A graduate can get a lot of utility out of this analysis, including finding optimal payments, deciding on a budget, and finding ways to spend less time adjusting monthly payments.

Some other considerations that were not dealt with in this project:

  1. We only examined a single set of loan parameters in depth. While I checked multiple different parameters to ensure that there were no qualitative surpirses, it would be useful to see an in-depth analysis of the interplay between the different changing parameters.

  2. A maximum monthly payment budget was assumed constant throughout amortization. However, any recent college graduate can tell you that budgets are never that constant. There are both random perturbances, such as an expensive month or an influx of cash, and there are steady changes, like raises or different salaries over time. It would be useful to analyze how these effects change the optimal strategy, and perhaps explore how to find a solution that is more robust to random changes.

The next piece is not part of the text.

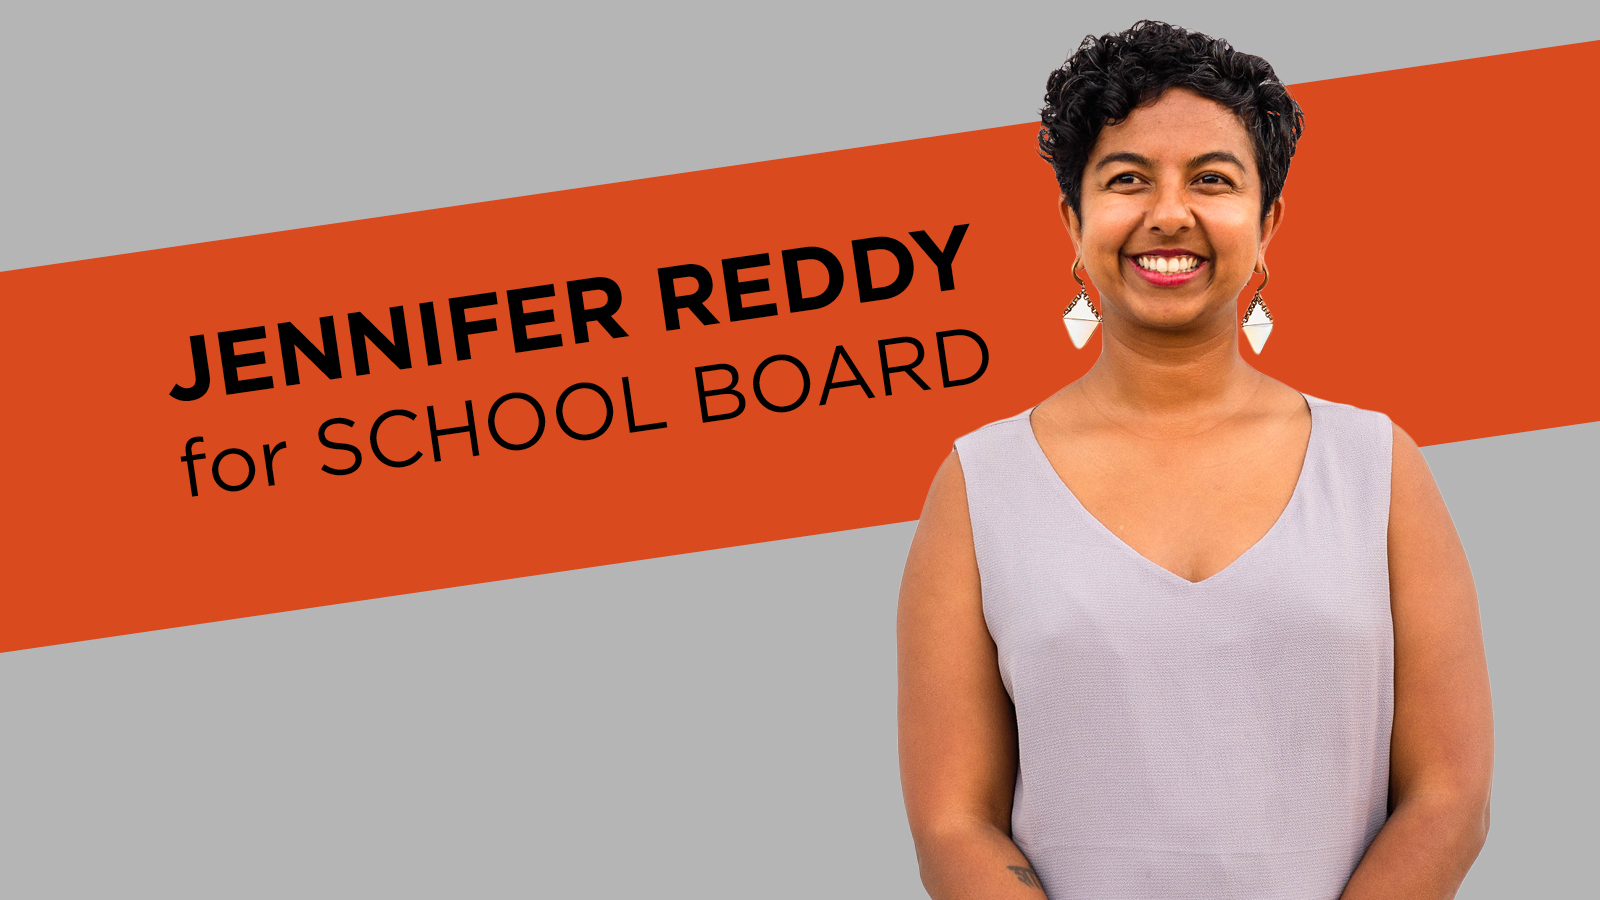 Jennifer Reddy for School Board Photo

  3. This project focused on student loans, but there are other scenarious in which an individual could be paying multiple loans at once. For exampe, such as credit card debt, car loan, and mortgage. These loans could start at different time points so the model would have to be adjusted to account for that.

In conclusion, this work can hopefully provide some guidance and peace of mind for a graduate facing the daunting task of paying off student debt. While paying off a mountain of debt in the form of multiple loans is still intimidating, at least one can know they are doing it optimally.